Given material:
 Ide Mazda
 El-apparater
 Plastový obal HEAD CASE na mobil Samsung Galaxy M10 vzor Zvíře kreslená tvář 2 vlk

What you need to do: Print the listing in full, exactly as given.

Your solution:
 Ide Mazda
 El-apparater
 Plastový obal HEAD CASE na mobil Samsung Galaxy M10 vzor Zvíře kreslená tvář 2 vlk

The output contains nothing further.